Les pesticides, les médicaments et les produits cosmétiques constituent les sources principales de ces molécules dont les scientifiques redoutent les effets cocktails que pourraient provoquer leur mélange avec d’autres polluants. Ces Pfos n’ont rien à envier aux Pfas, ces substances per et polyfluoroalkylées, également appelées polluants éternels.
Lourd héritage industriel
Marqueurs de l’histoire industrielle du bassin du Rhône, elles se concentrent dans la vallée de la chimie, en aval de Lyon, mais aussi dans la nappe des îles, autour d’Annecy, marquée par l’empreinte des industries du ski (usines Salomon) et de l’électroménager (Seb) qui appréciaient la capacité des Pfas à diminuer les tensions de surface.
« A partir de 2014, le bassin a anticipé la règlementation. Une task force coordonnée par la préfète de région réunit toutes les parties prenantes pour détecter ces micropolluants, surveiller les rejets et prendre des mesures de réduction à la source », tente de rassurer Jean-Philippe Deneuvy, directeur de la direction régionale de l’environnement, de l’aménagement et du logement (Dreal) d’Auvergne Rhône-Alpes (Aura).
Surveillance resserrée
La surveillance se concentre sur 500 sites industriels et une centaine de captages. Sur l’ensemble de son territoire, l’agence recense 900 stations. Permise tant par la densification du réseau que par l’amélioration des capacités de détection des laboratoires, la progression du nombre de données atteint 70%, depuis 2022.

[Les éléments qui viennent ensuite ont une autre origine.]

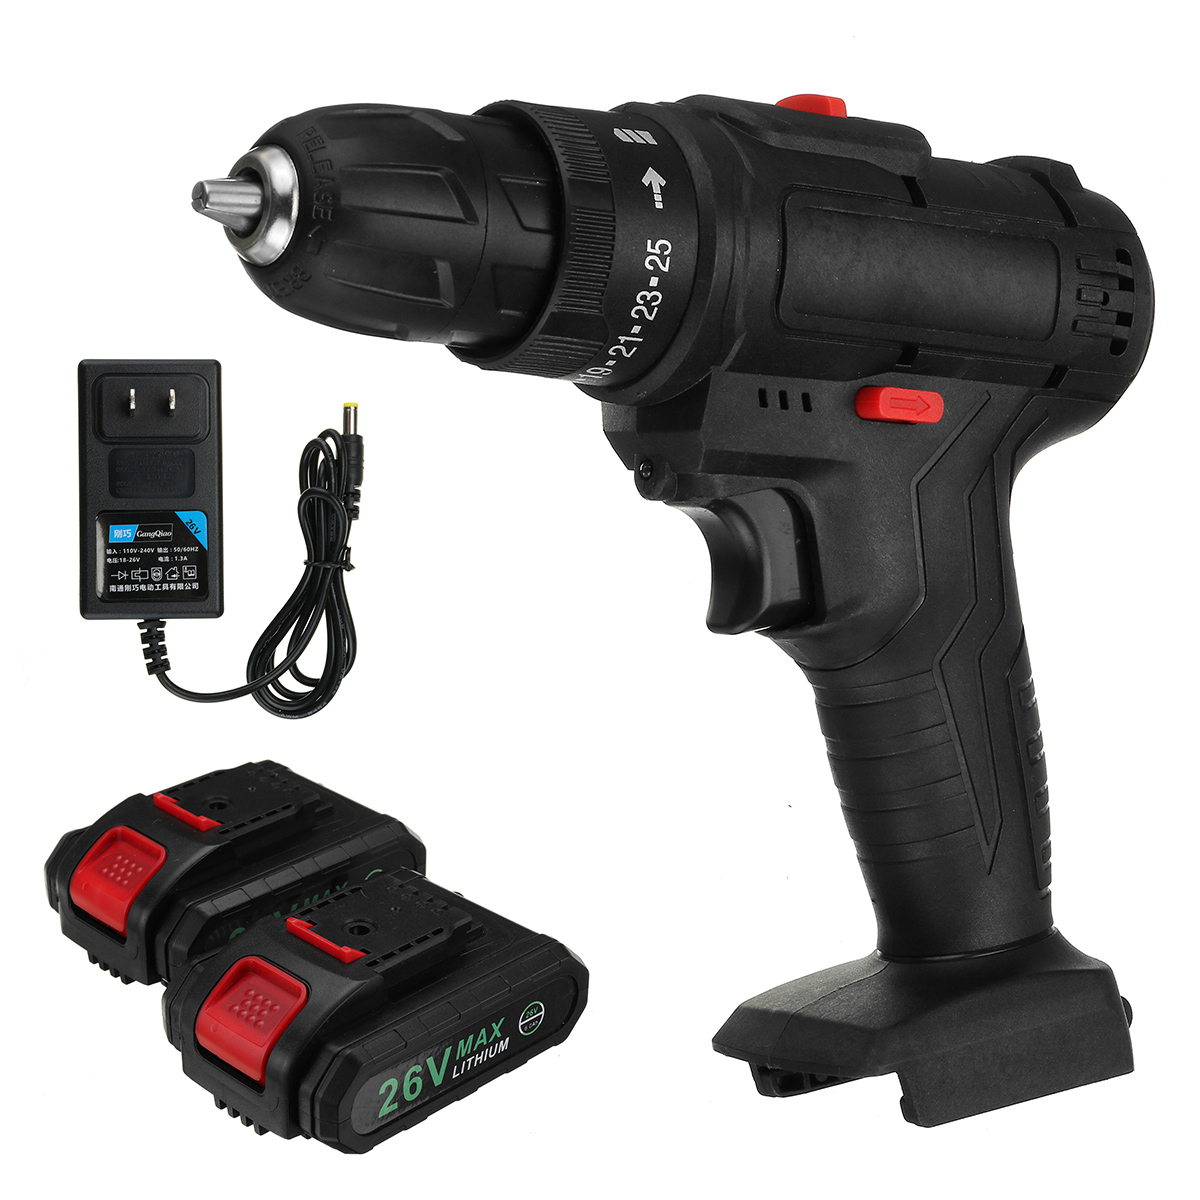 48V 1500W Electric Drill 28N.m Max Torque LED Light Screwdriver Power W/ 1/2pc Battery

Ces outils suffiront-ils à soutenir une dynamique de progrès ? « Nous faisons tout pour atteindre l’objectif de 67% de masses d’eau de qualité en 2027 », assure Nicolas Mourlon, directeur de l’agence. Par rapport aux 48% enregistrées aujourd’hui dans le bassin Rhône-Méditerranée et la Corse, le saut paraît pourtant difficile à franchir, en particulier dans la partie aval et à proximité des agglomérations.
Moyens stagnants
Entre urgence écologique et rigueur budgétaire, l’effort annuel devrait se stabiliser à 500 M€/an : un niveau atteint grâce au plan eau de 2023, au fil de l’exécution du 11ème programme de l’agence, alors que l’exercice quinquennal avait démarré avec une allocation annuelle de 400M€ pour la période 2019-2024.
Les nouveaux plafonds mordants annoncés par le ministère de l’Economie mettent fin à cette augmentation, au moment du démarrage du XIIème programme, entre 2025 et 2030. Prélevé sur l’argent que les pollueurs consentent à mettre au service de la réduction de leurs impacts, ce coup de rabot n’a pas finir de faire débat. La conférence nationale sur l’eau annoncée par le Premier ministre devrait le confirmer, dans les prochaines semaines.